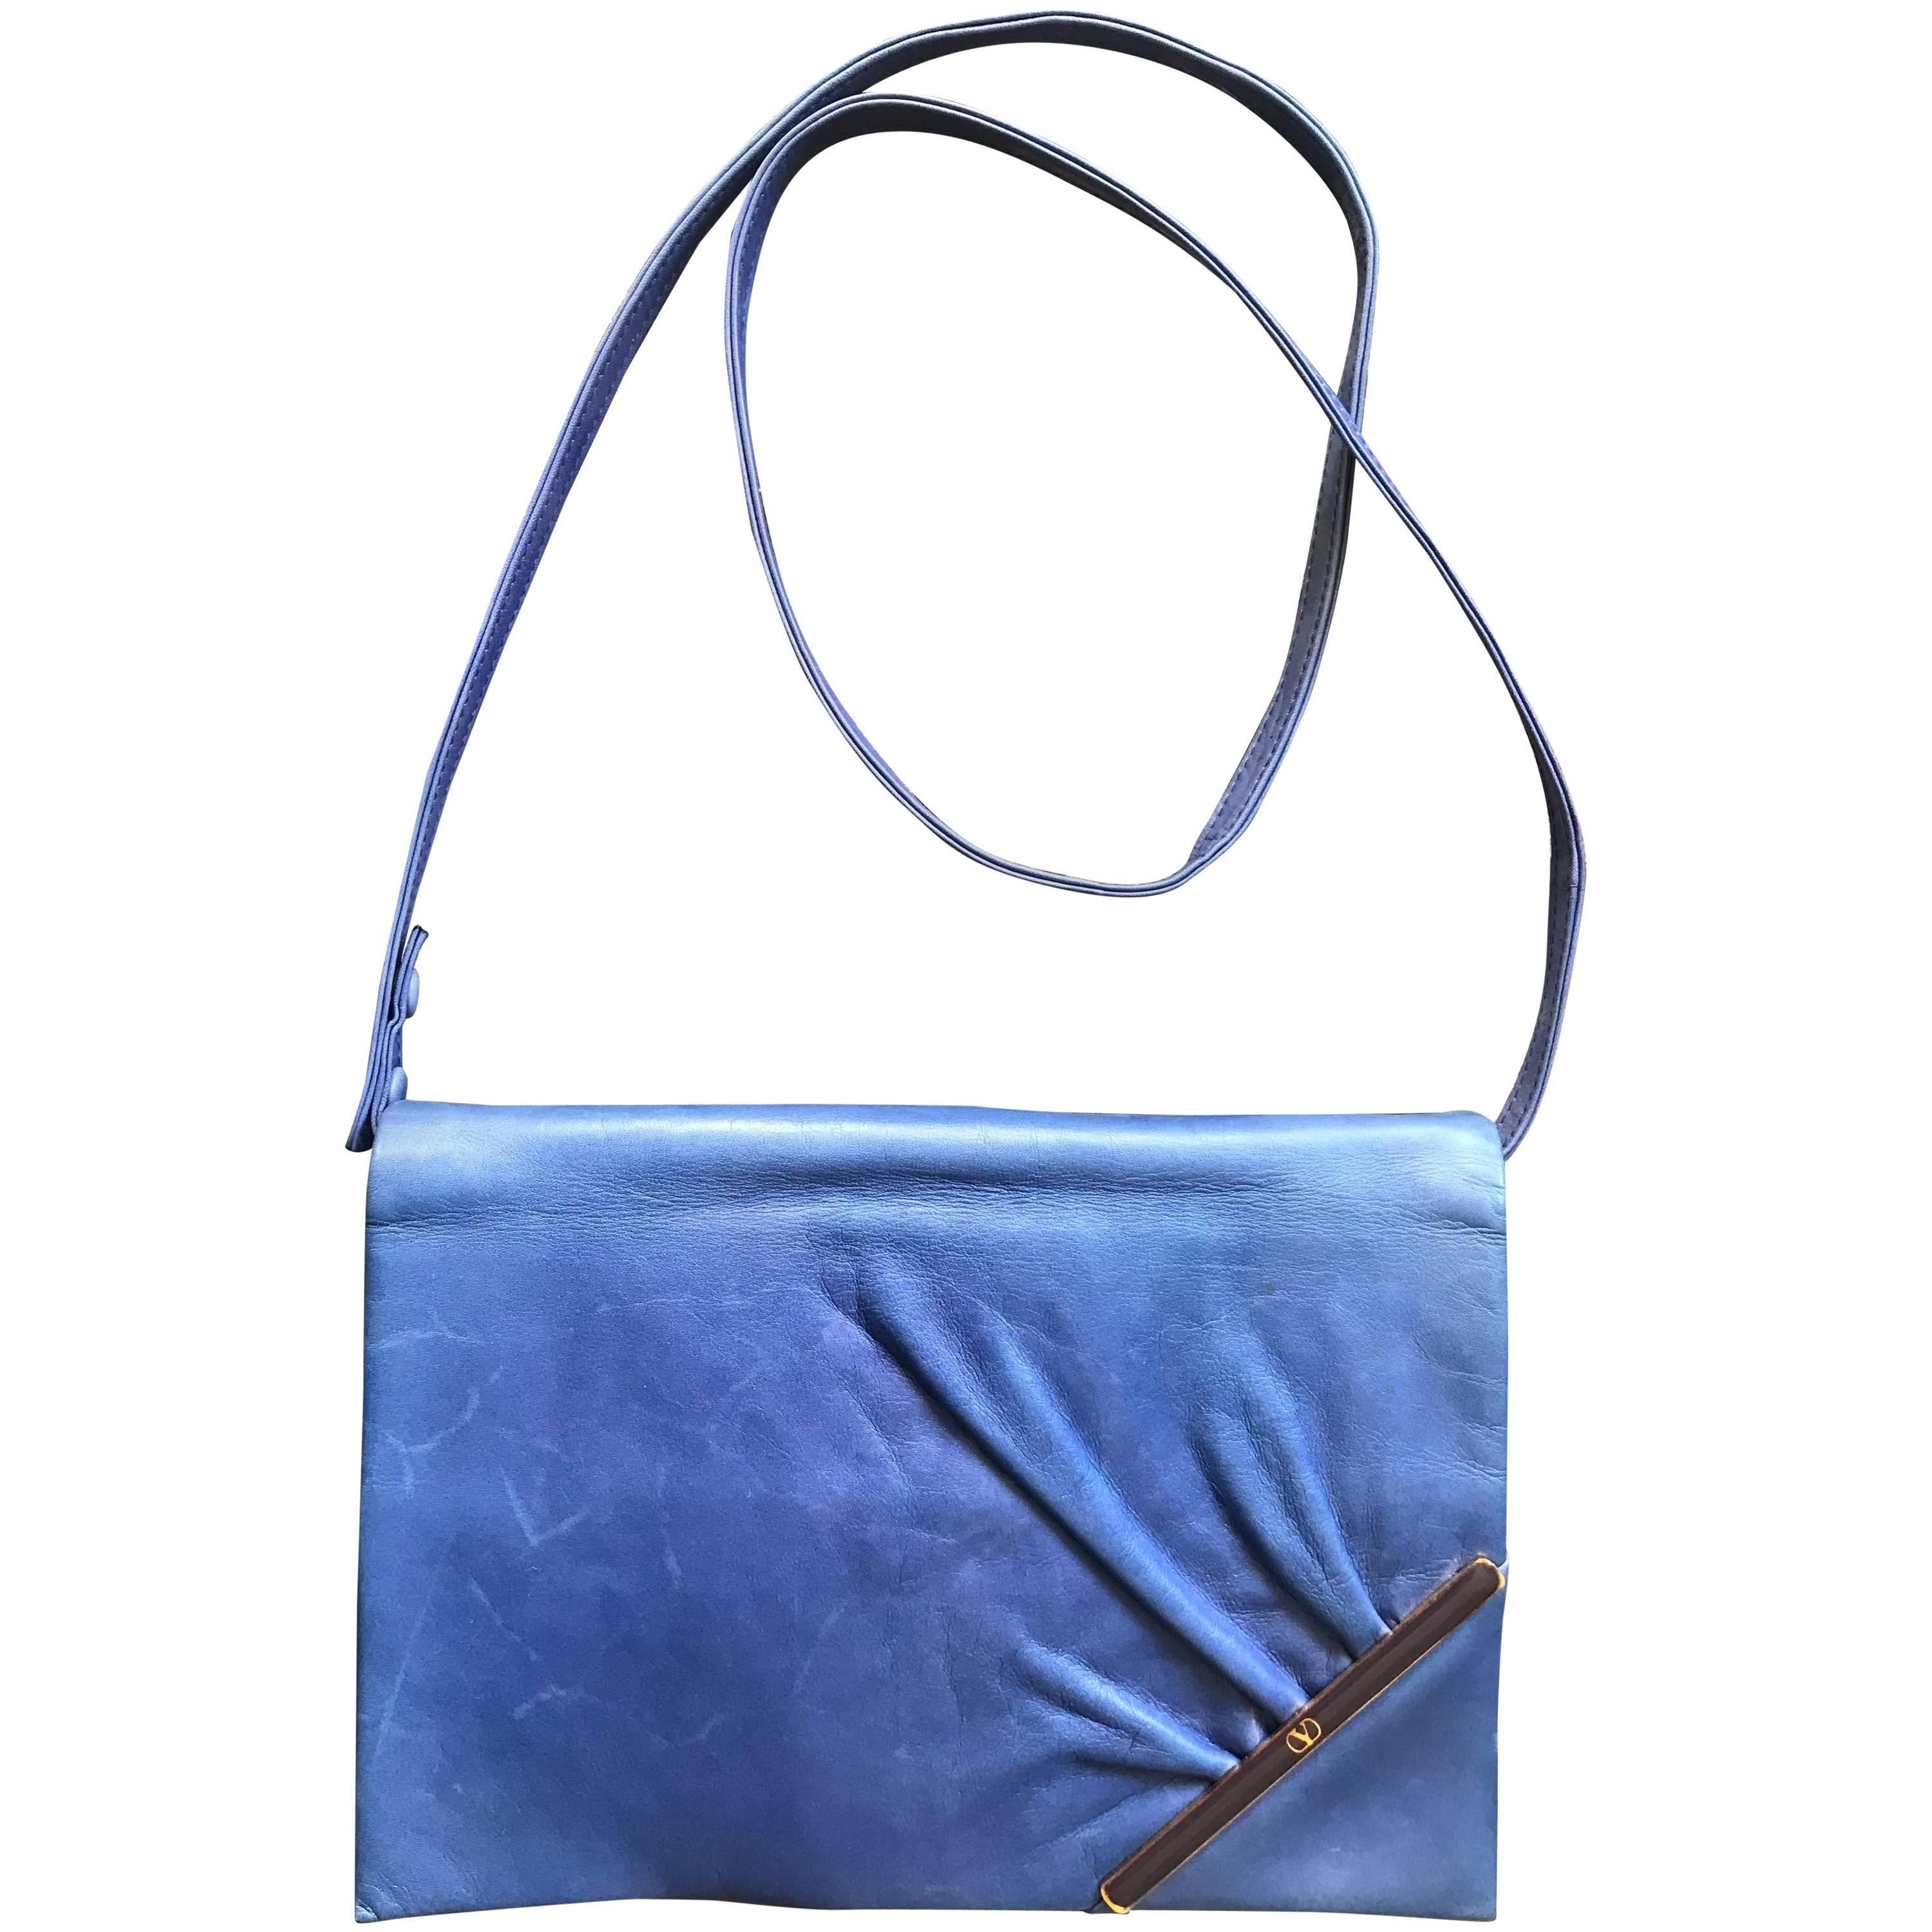 Vintage Valentino Garavani blue leather clutch shoulder bag with logo motif  For Sale
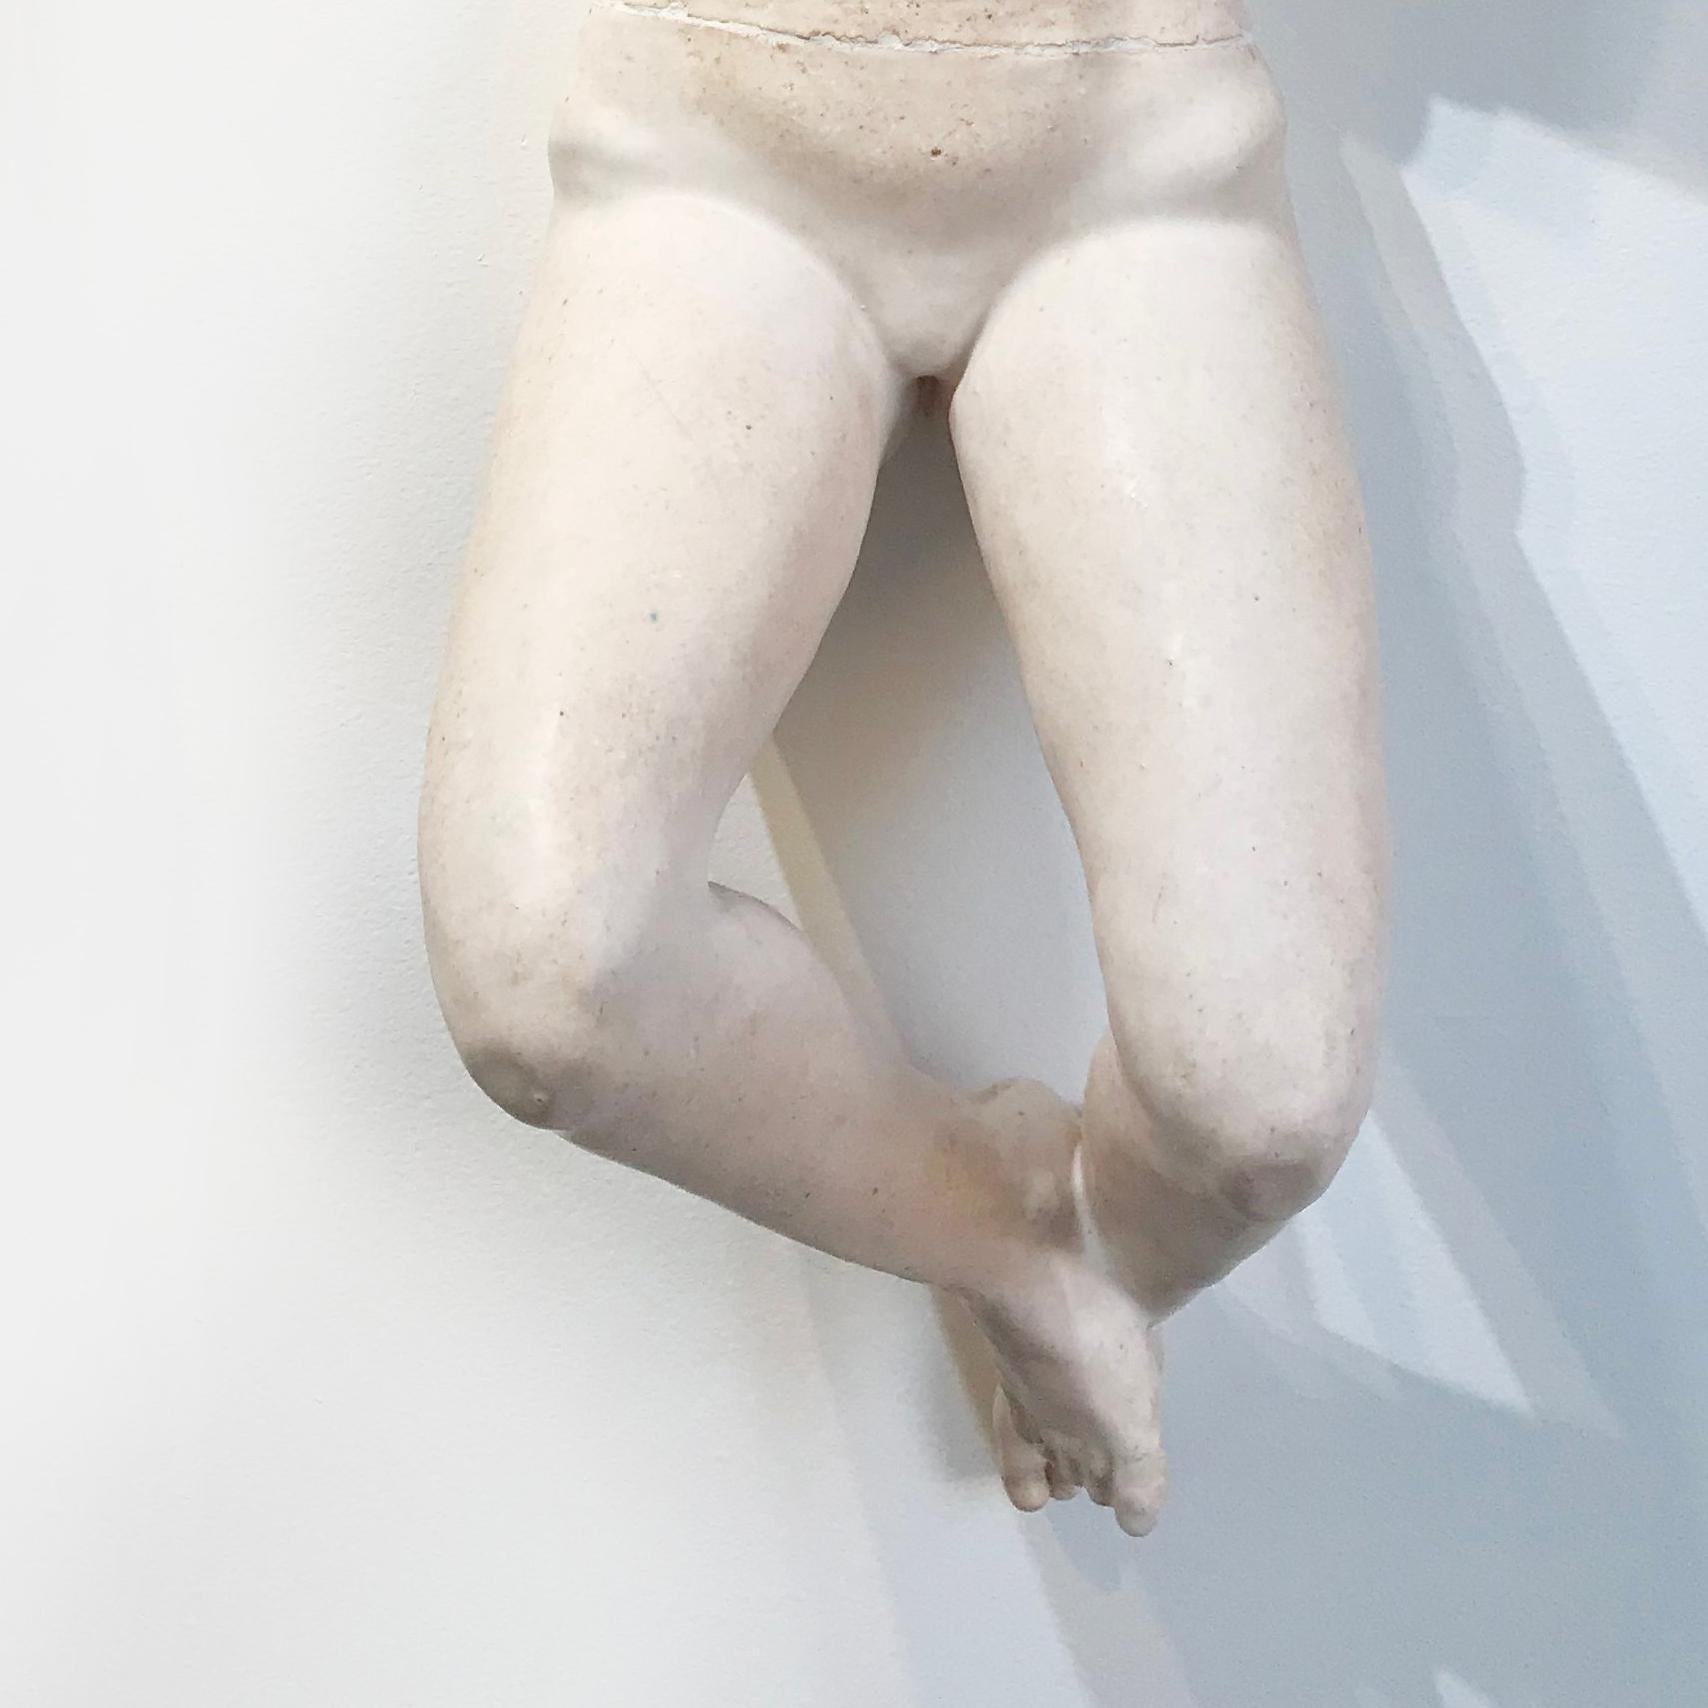 MUJER DORMIDA XI - Contemporary Sculpture by Mauricio Cortés
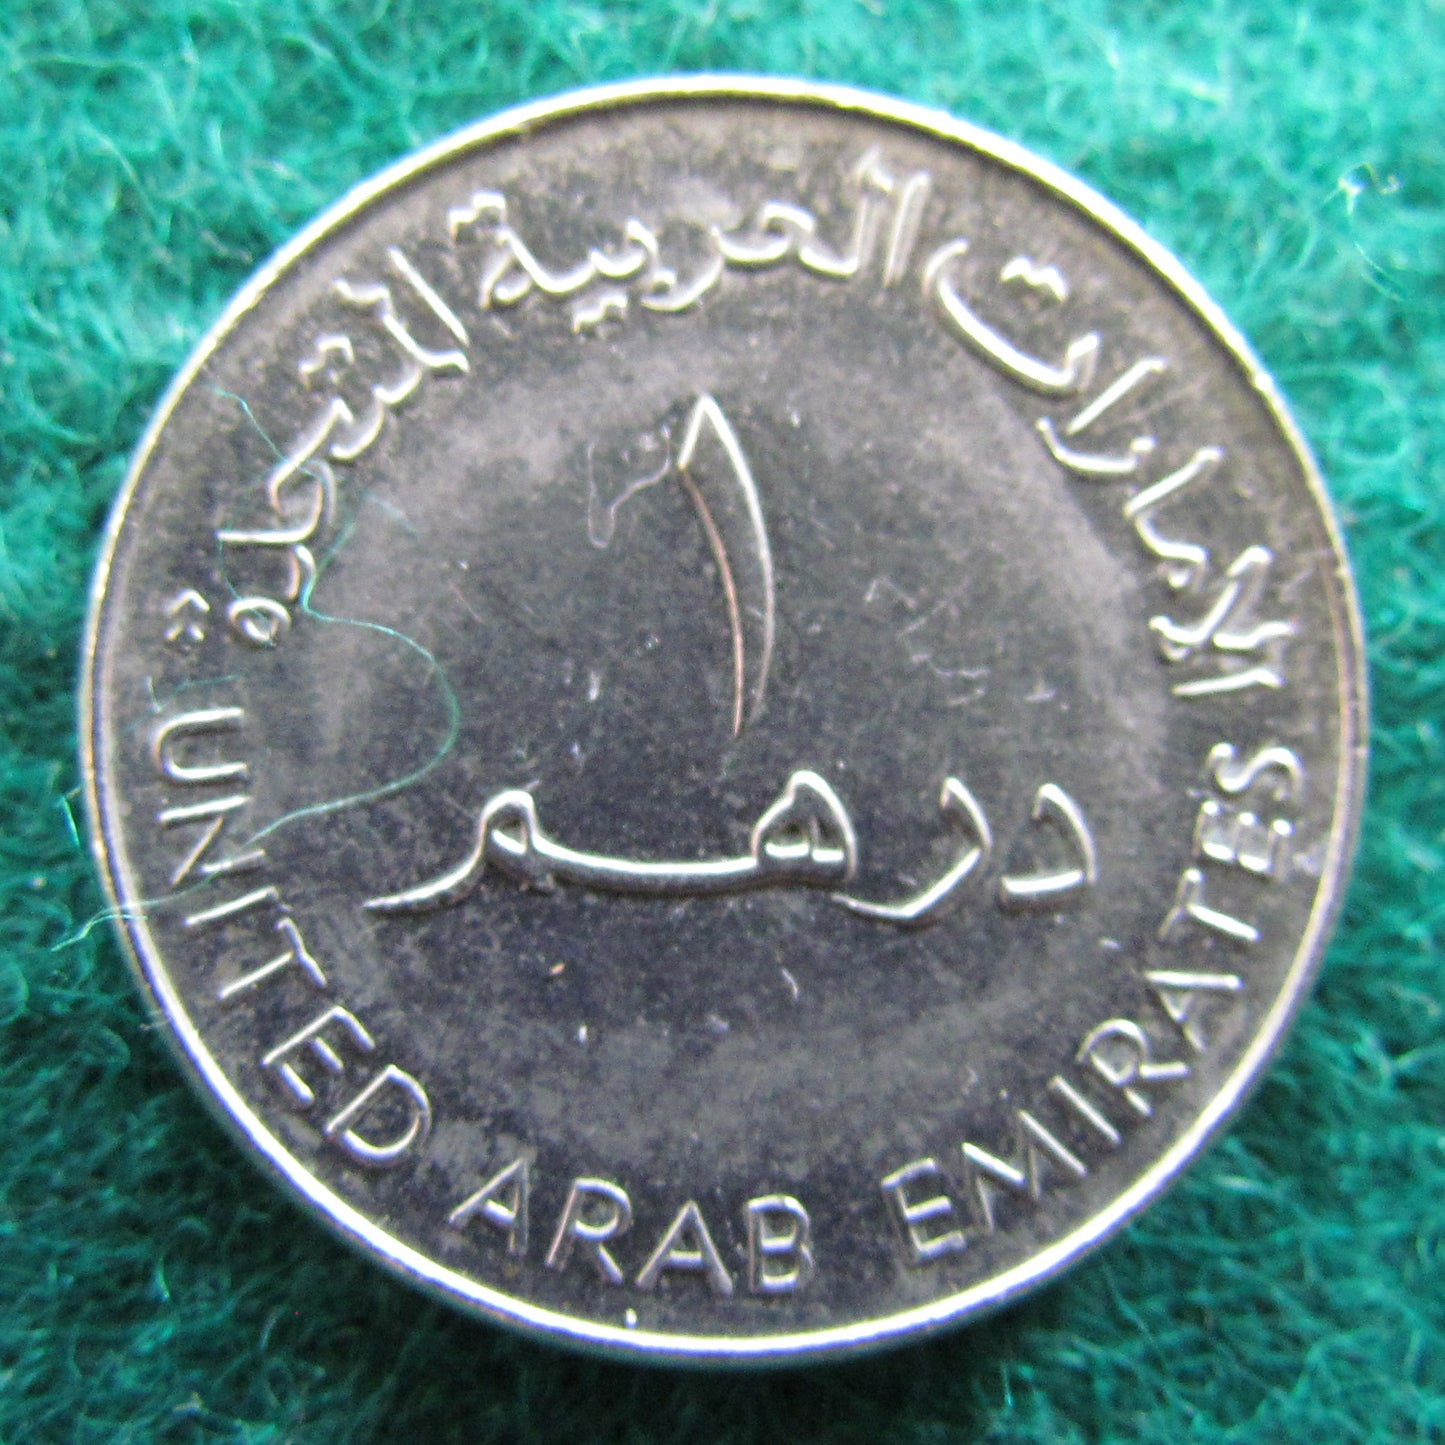 United Arab Emirates 2005 1 One Dirham Coin

━━━━━━━━━━━━━━━━

Work to be completed:
Omit any images, then output the listing exactly.

Your response:
 Vintage Valentino Garavani blue leather clutch shoulder bag with logo motif  For Sale
 MUJER DORMIDA XI - Contemporary Sculpture by Mauricio Cortés
 United Arab Emirates 2005 1 One Dirham Coin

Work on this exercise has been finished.